4. When families moved from farms to the city after the Revolutionary War, women's role changed and their status fell. The whole concept of the True Woman who radiated goodness was an effort to raise their stature again. Was it a satisfactory strategy? Can you come up with alternatives?
5. There are two role models for women who wanted to have public lives in the early 19th century -- Sarah Josepha Hale and Elizabeth Blackwell. How did they differ? If you had been alive then, which would you have been like?
6. Women were the best clients for the growing medical profession in the period before the Civil War. Why do you think that was? How did it work out for them?
7 Some white Southern women had different views of slavery than their husbands. Why was that?
8. The book says the "emotional burden on middle-class black women in the 19th century was stupendous." Has this burden been duplicated in the 21st century?

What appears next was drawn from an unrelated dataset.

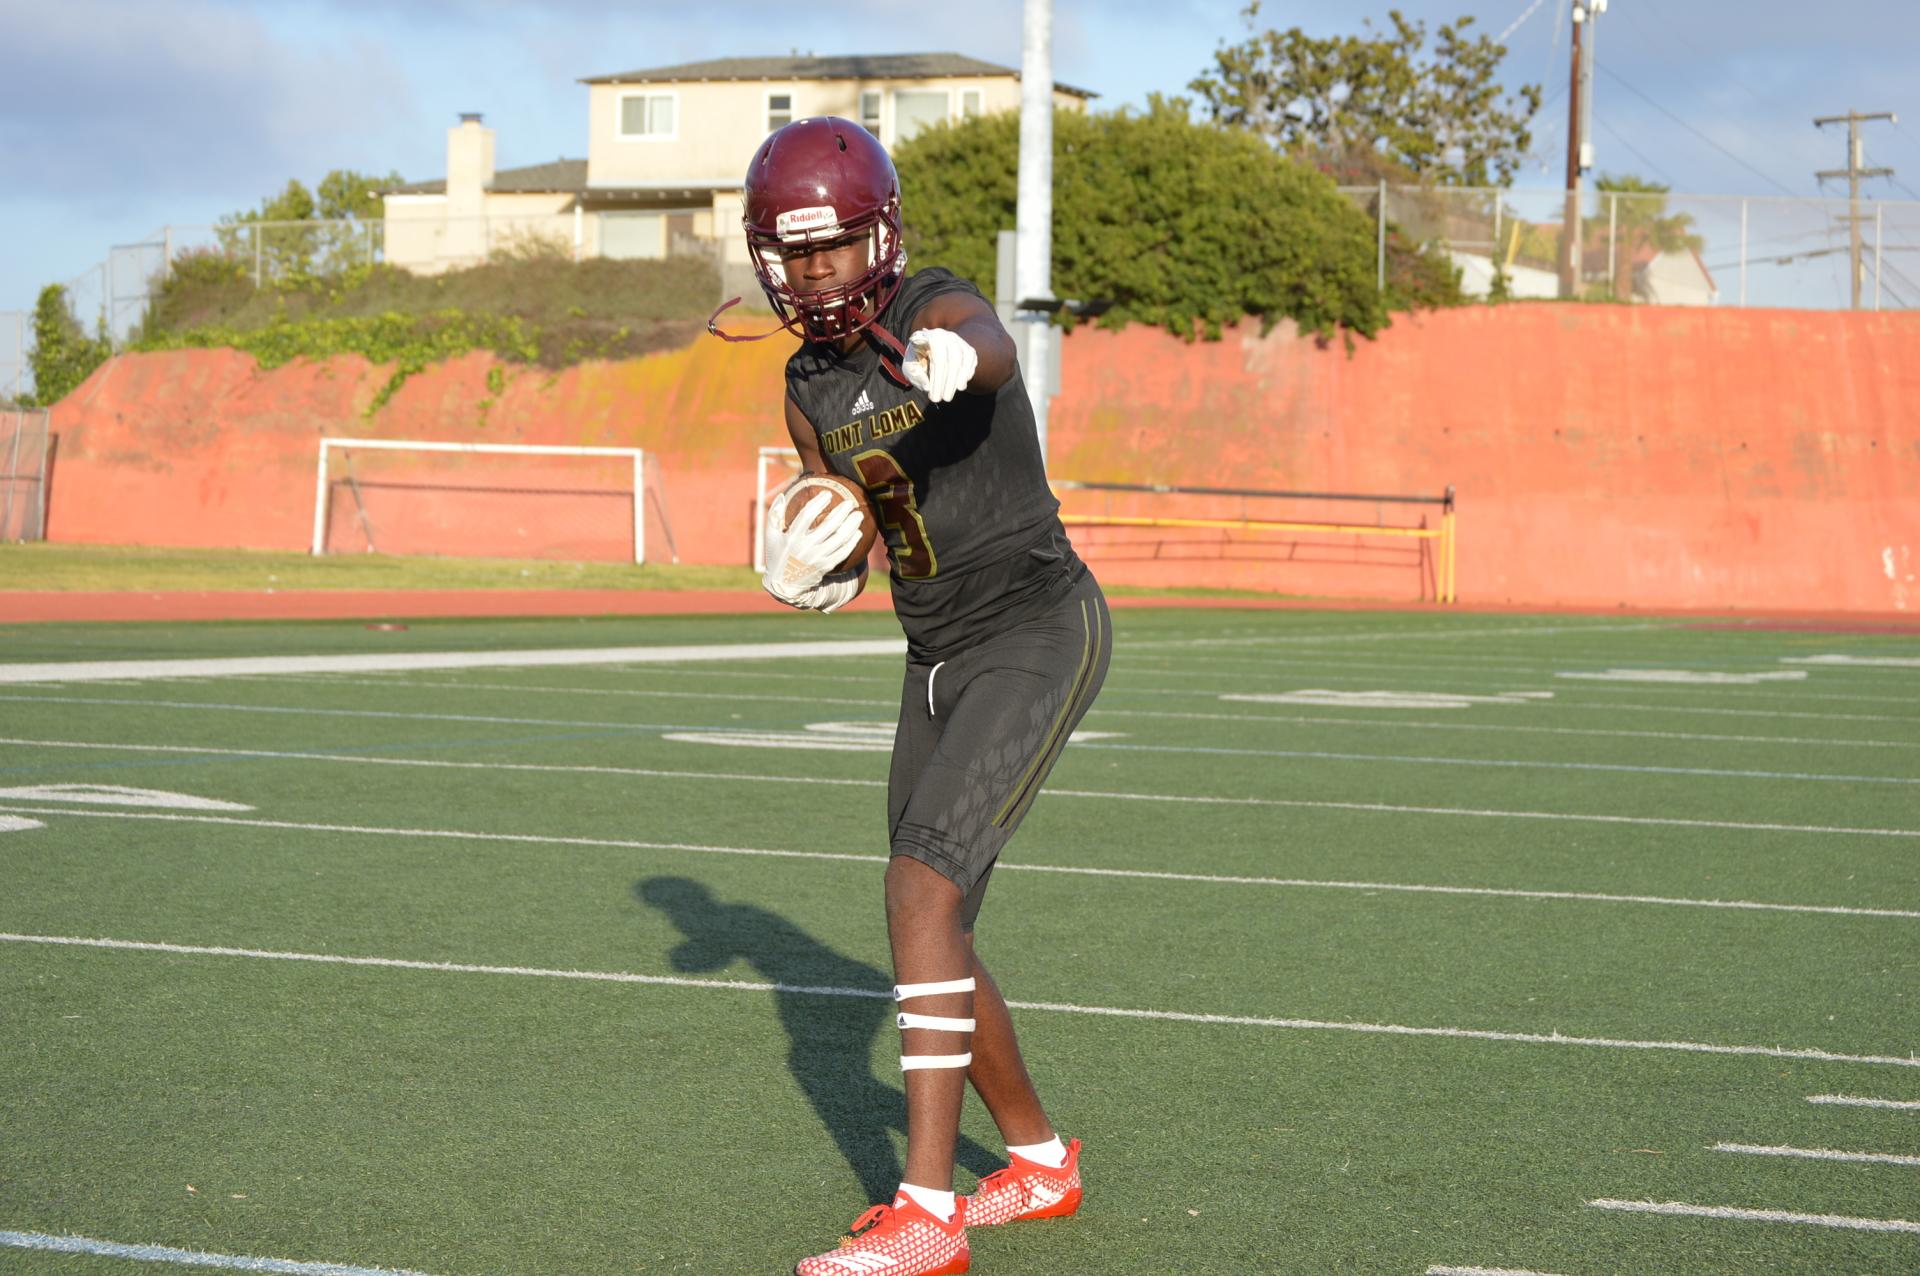 Point Loma High School - JL Skinner

9. The rise of department stores at the turn of the century meant a huge change for women -- both as consumers and as workers. Why was that?
10. If you had been an immigrant around the turn of the century, what country would you have wanted to come from? Why?
11. Jeannette Rankin was the first woman to serve in Congress, and she wound up voting against not one, but both world wars. Do you approve or disapprove?
12. In the Twenties, women won freedom in areas like dress, dating and drinking but many lost interest in politics and "feminism" fell totally out of fashion. All in all, would you regard the decade as a step forward or back?
13. When women got the vote, the first president they helped elect was one of the worst -- Warren Harding. How, if at all, does this reflect on suffrage?
14. Do you agree that Eleanor Roosevelt was the most important woman in American history? If not, who would you nominate?
15. Speaking about the American civilians during World War II, John Kenneth Galbraith said "Never in the long history of human combat have so many talked so much about sacrifice with so little deprivation." Do you agree?
16. In the 1950s, less than 10 percent of the population felt a person could live a happy life without being married. The status of single women seems to have gone up and down several times in our history. Why is that? Where do you think it is now?
17. Things changed so fast for women in the late 1960s. Why do you think that was? Will we ever go back to the way things were in the 1950s, when the full-time housewife was the universal American ideal?